*** Block opens ***
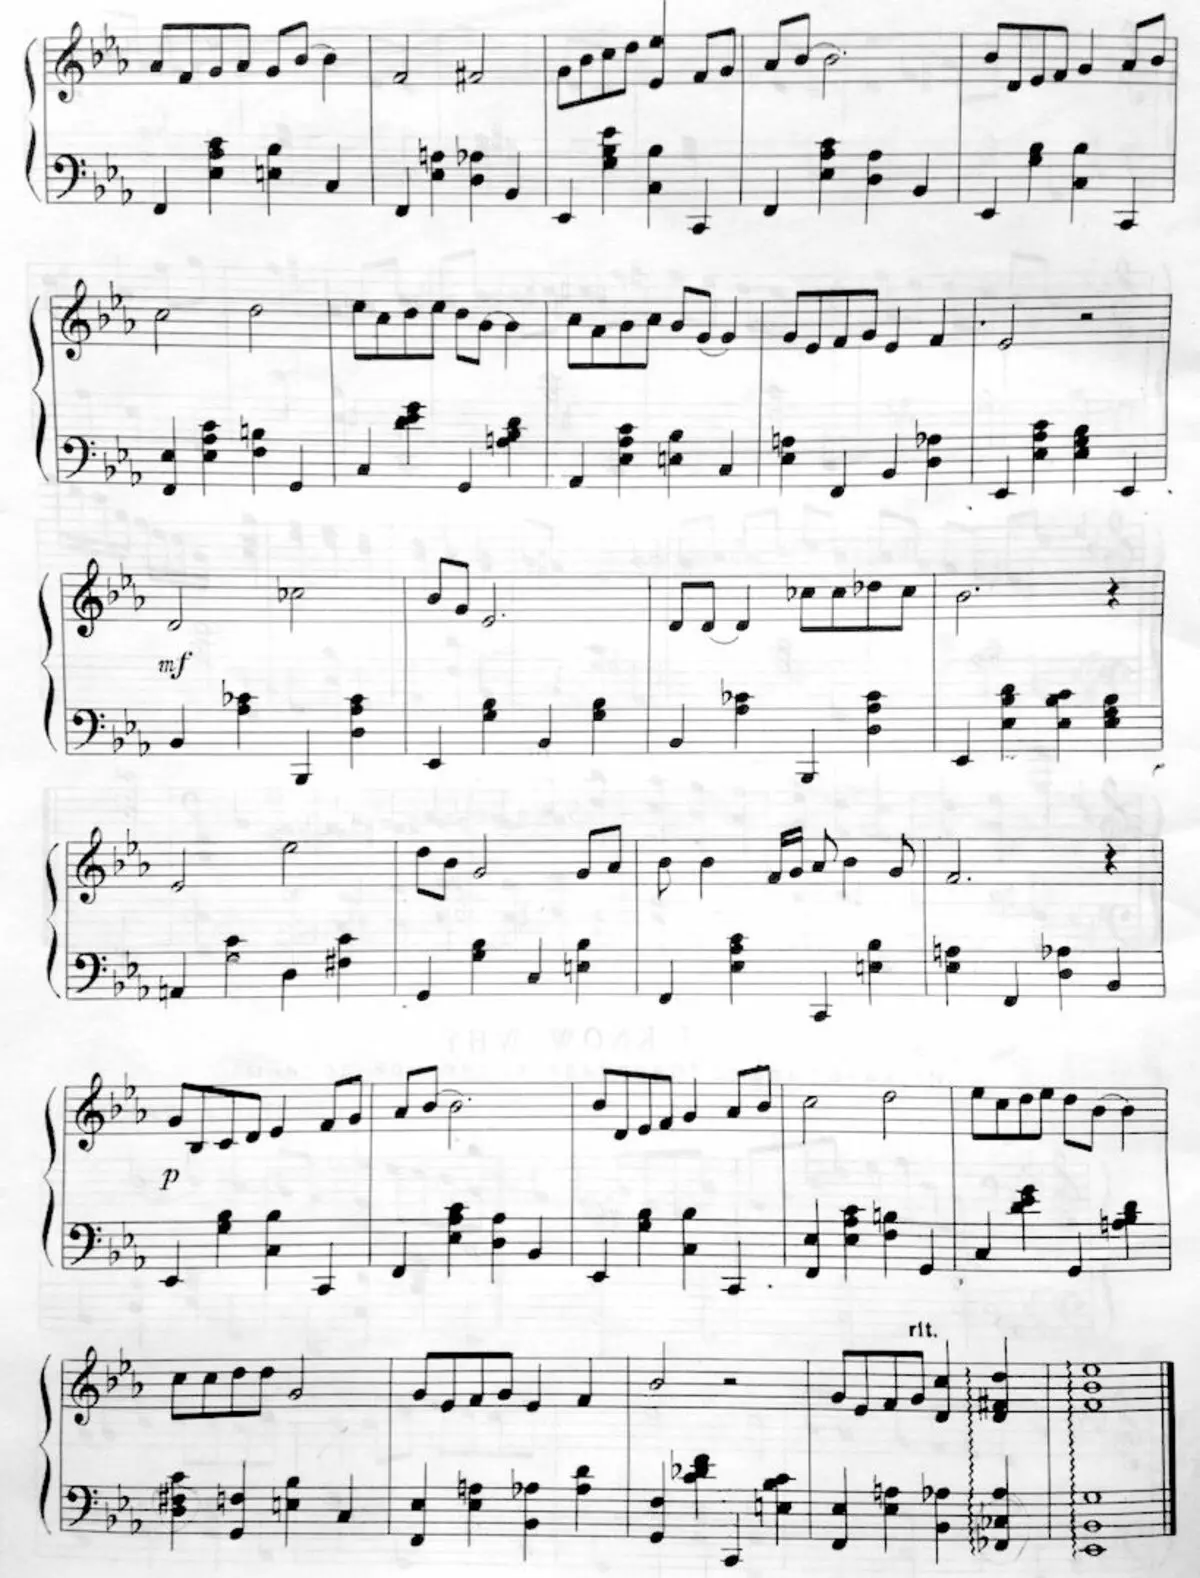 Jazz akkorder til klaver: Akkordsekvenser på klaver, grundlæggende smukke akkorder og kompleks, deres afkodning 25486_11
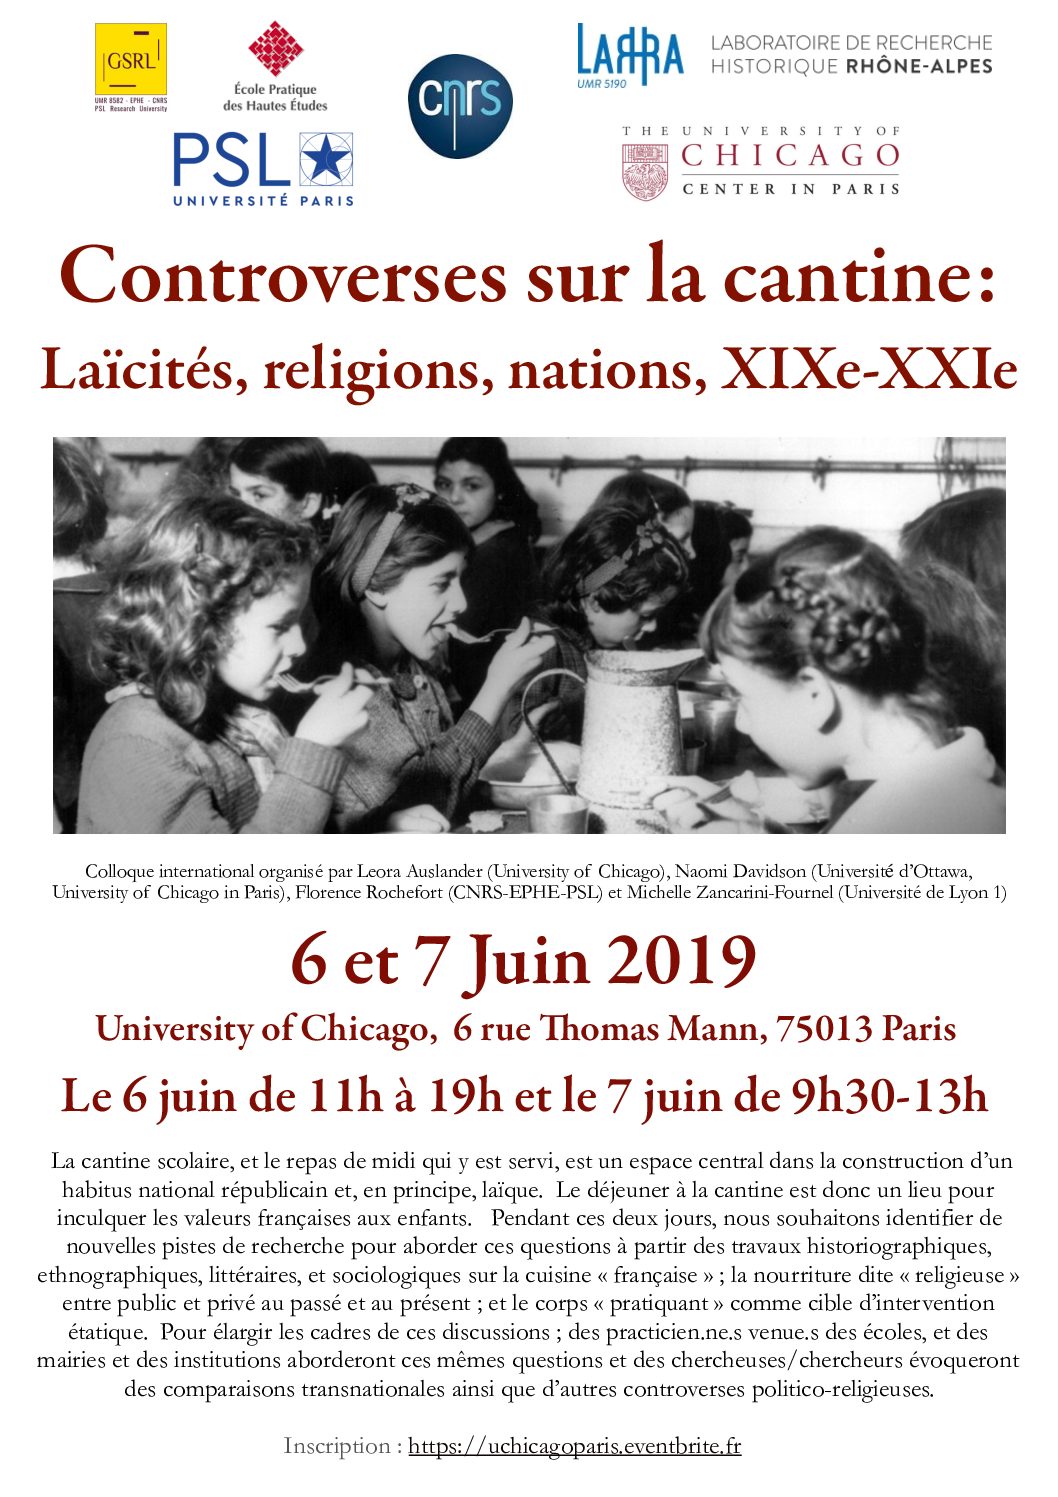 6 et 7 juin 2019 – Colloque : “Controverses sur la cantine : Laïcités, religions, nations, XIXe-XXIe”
*** Block closes ***
*** Block opens ***
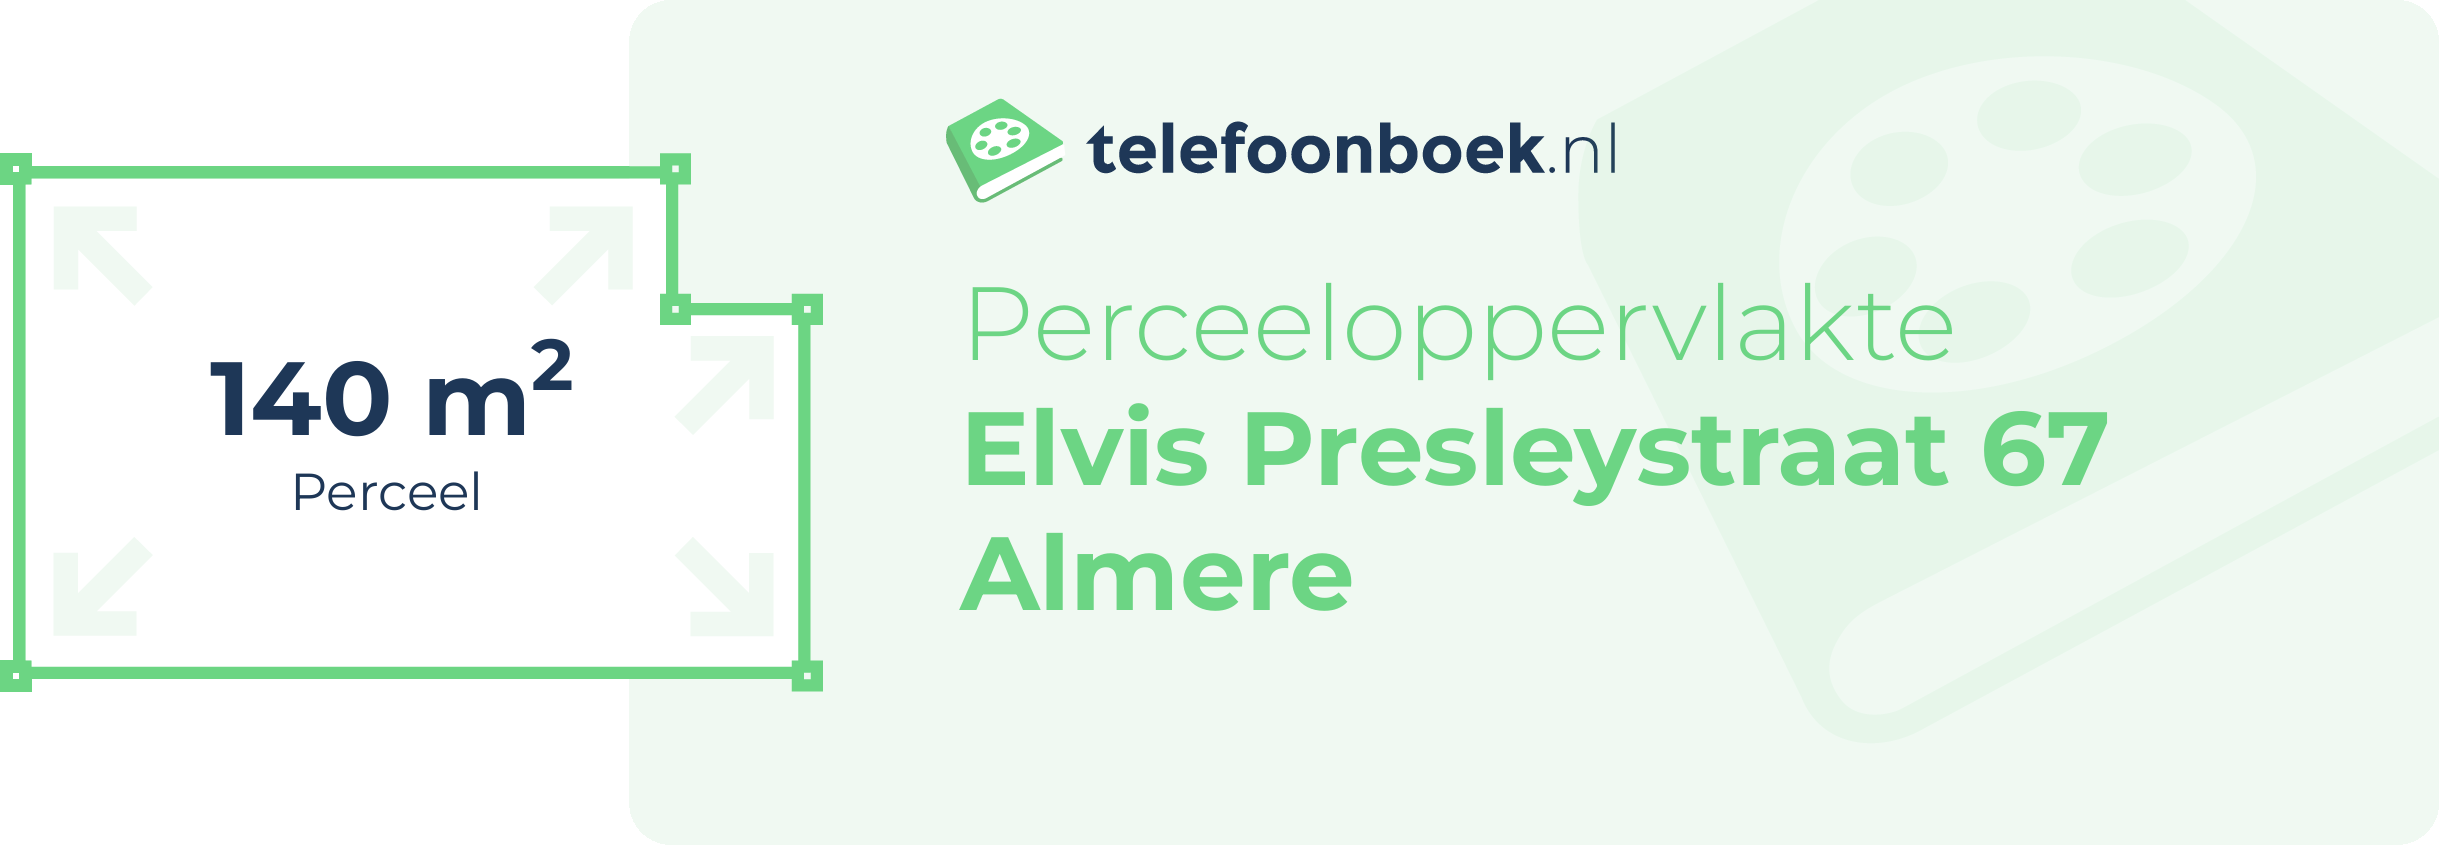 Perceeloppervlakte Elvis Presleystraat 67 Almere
*** Block closes ***
What's needed is an exact copy of the records above from the line containing "Jazz akkorder til" down to the line containing "6 et 7 juin", both included, without any pictures.

RESULT:
 Jazz akkorder til klaver: Akkordsekvenser på klaver, grundlæggende smukke akkorder og kompleks, deres afkodning 25486_11
 6 et 7 juin 2019 – Colloque : “Controverses sur la cantine : Laïcités, religions, nations, XIXe-XXIe”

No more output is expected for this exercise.